BellSouth, for example, has decided to focus on adult literacy. In addition to contributing about $500,000 and assigning three full-time staff members to the project, the Atlanta-based corporation has mobilized its employees to serve as volunteers.

A top priority of the Atlanta Project’s headquarters staff has been to help the cluster coordinators and steering committees tap into existing resources. Elise Eplin, a project manager, was hired to oversee a $350,000 grant the Carnegie Corporation awarded specifically to identify what already works. Ms. Eplin is currently working to create an electronic data base of information on “best practices” in service provision.

“We want it focused on looking at what’s already existing and working so the Atlanta Project doesn’t reinvent the wheel,” she explained.

A Call to Service

In addition to its success in raising money from leading corporations and philanthropies, the project has conducted a massive volunteer-recruiting effort to support both citywide and cluster-level projects.

This spring, for instance, volunteers played a pivotal role in staging one of the project’s first major events.

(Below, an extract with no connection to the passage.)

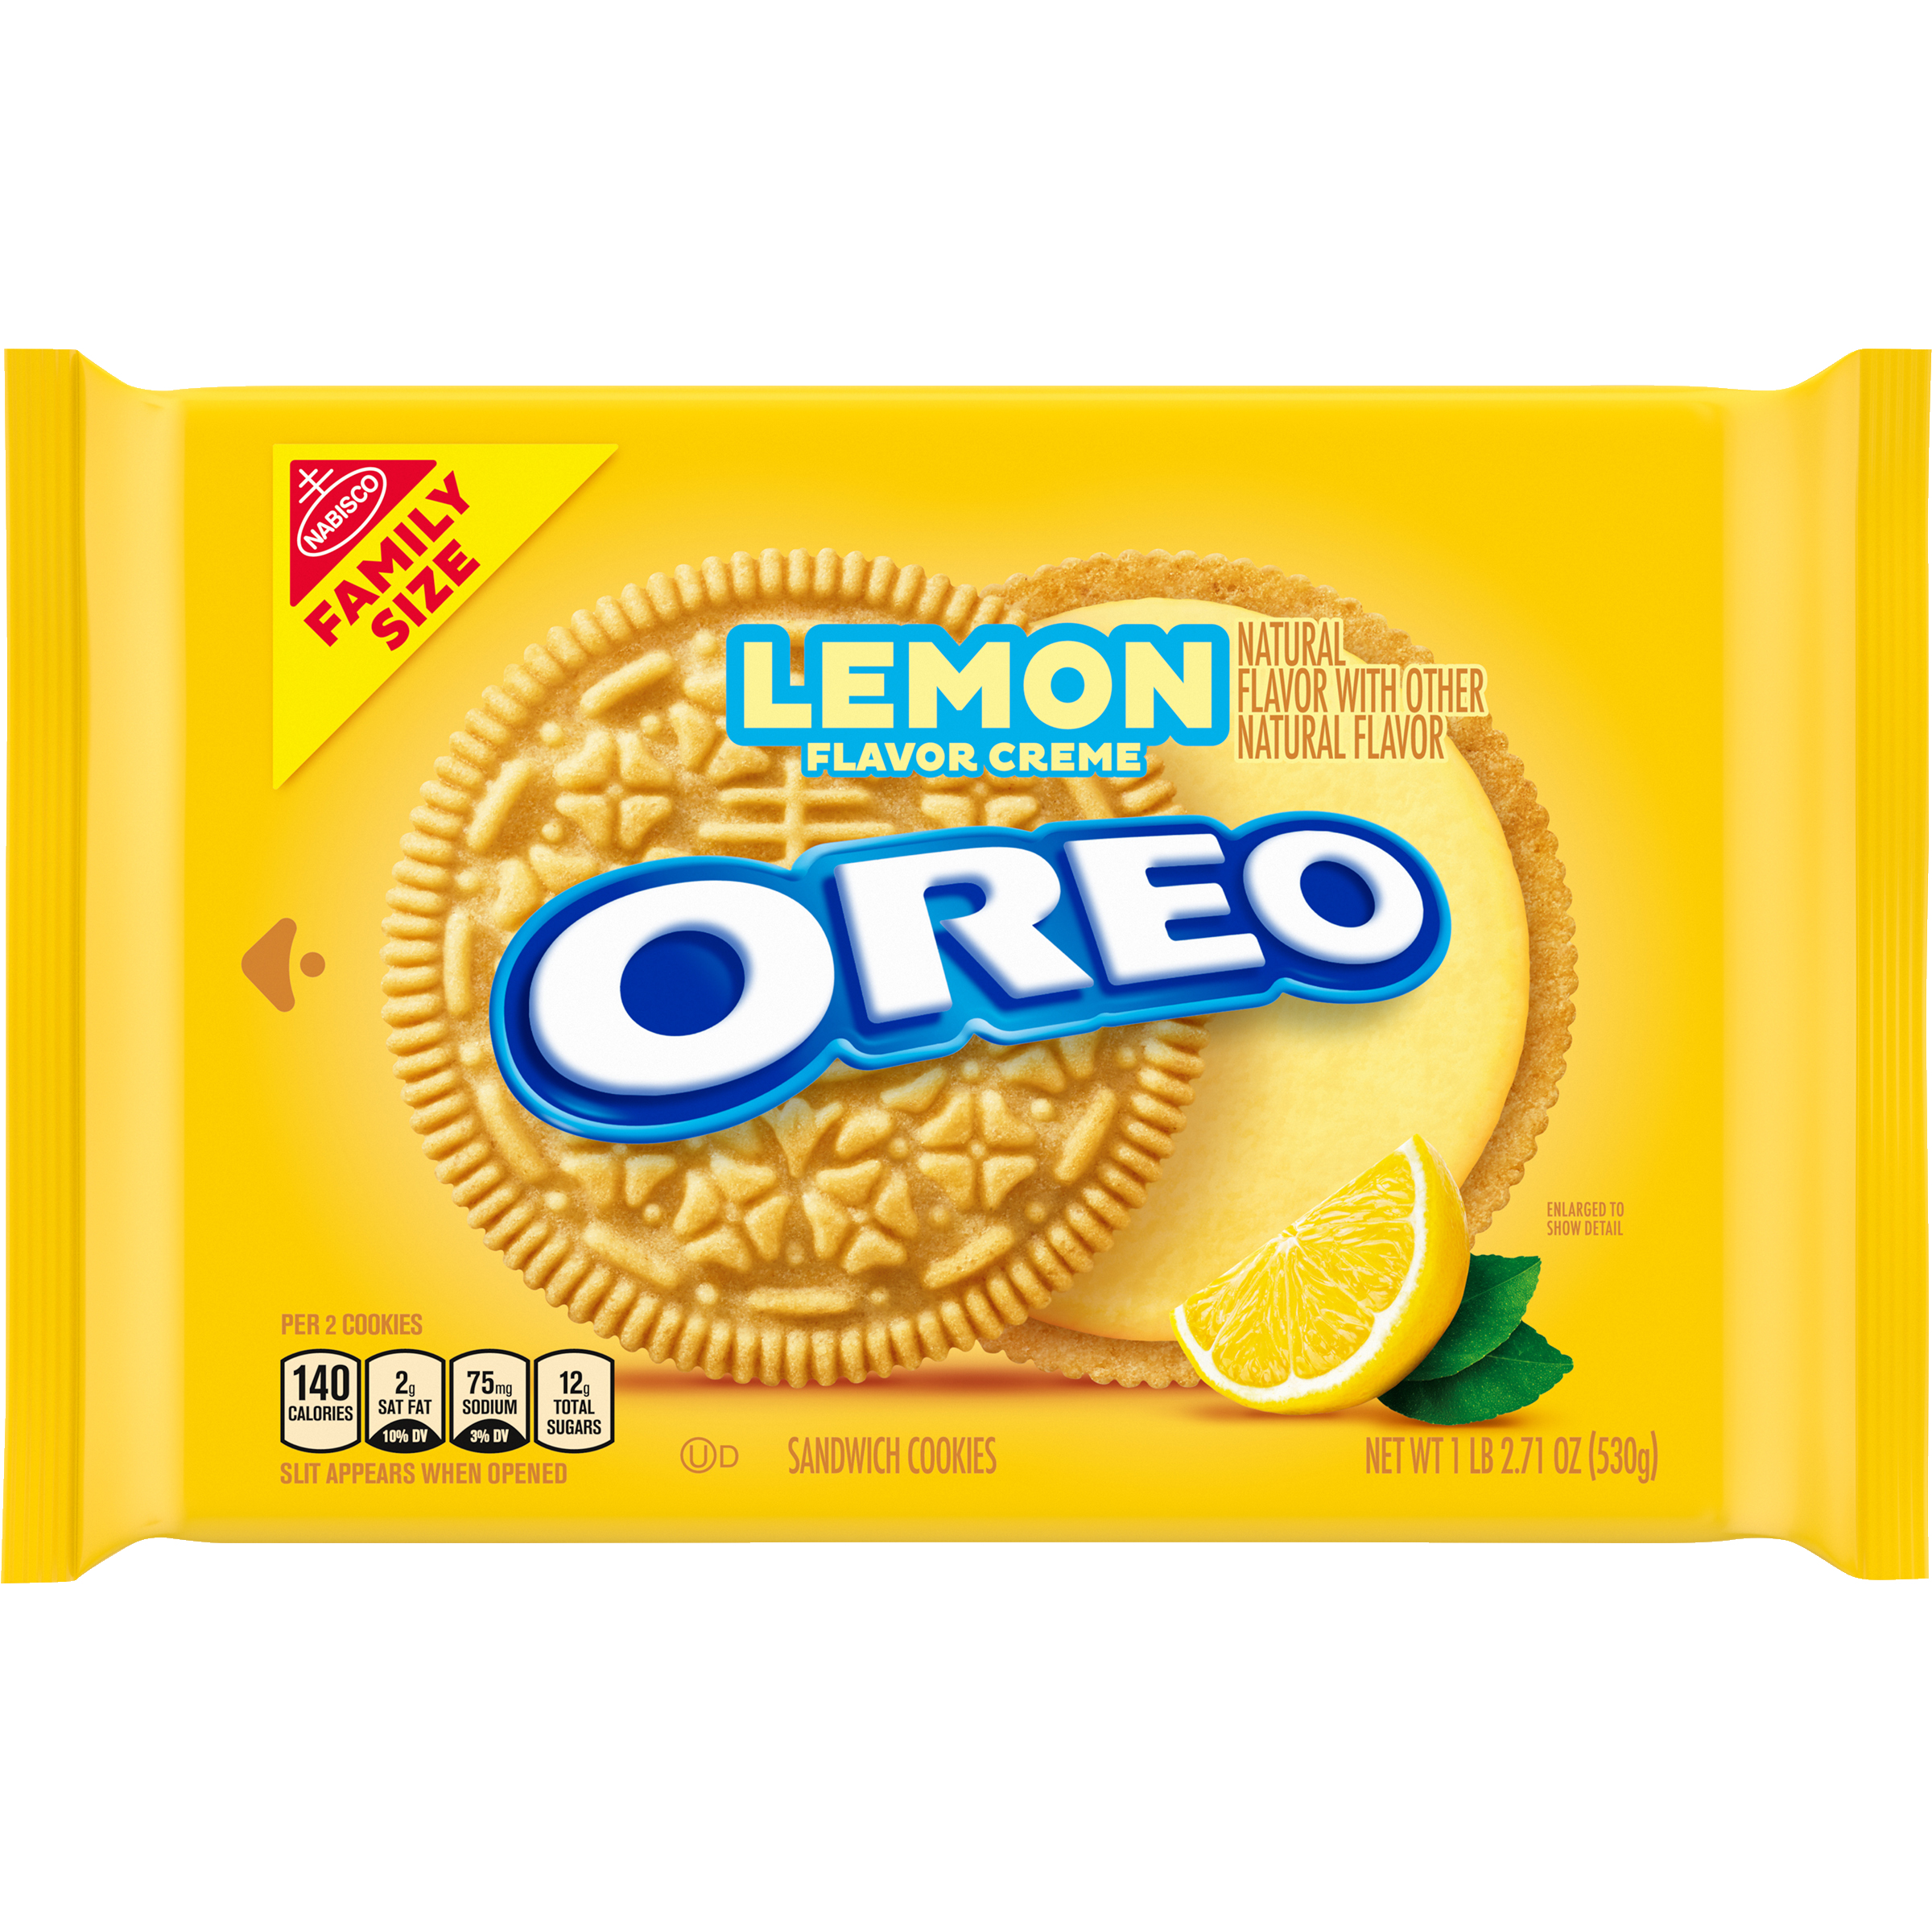 OREO Lemon Creme Sandwich Cookies, Family Size, 18.71 oz-1
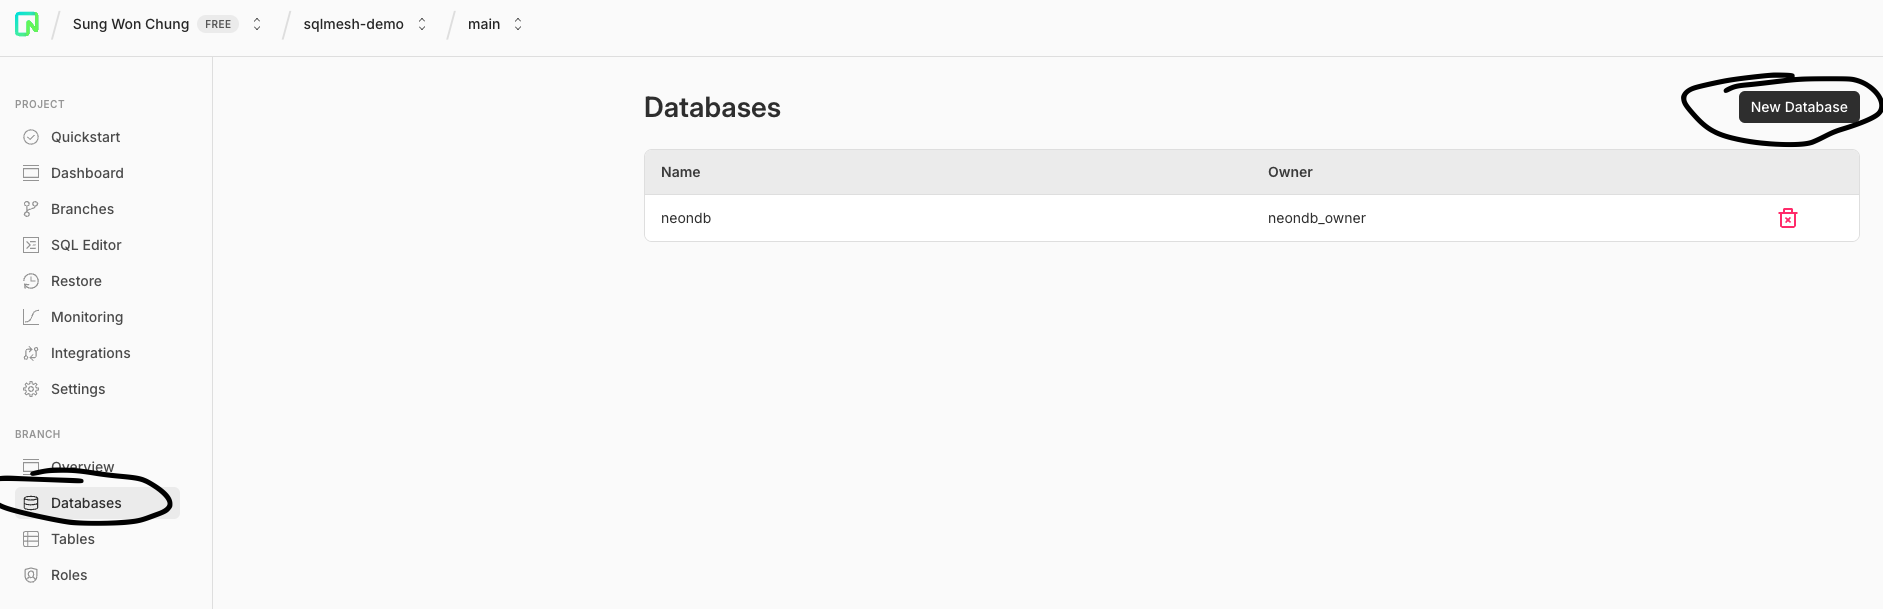 new_database

In late April and early May, some 12,000 Atlantans canvassed the city in an eight-day, door-to-door child-immunization campaign. As a result, some 17,000 of the 54,000 preschool-age youngsters who live in the cluster areas were immunized or had their vaccination records updated.

“I think it’s been a phenomenal drawing of manpower in Atlanta,” remarked Robert H. Hull, the president of the Southeastern Council of Foundations.

In addition, he noted, “the corporate community almost seems to be competitive in trying to support the effort, [in seeing] who can make the larger splash.”

Questions and Momentum

But the Atlanta Project has not been without its critics. During the project’s early stages, for example, some black community leaders criticized it for an approach they said was too “top down” and lacking in sufficient grassroots input at top decisionmaking levels.

Another hurdle during the first year has been providing enough tangible signs of progress while not rushing through the planning stages.

Many residents, Ms. Eplin remarked, “look and say, ‘They’ve been at this for a year; what have they done?’”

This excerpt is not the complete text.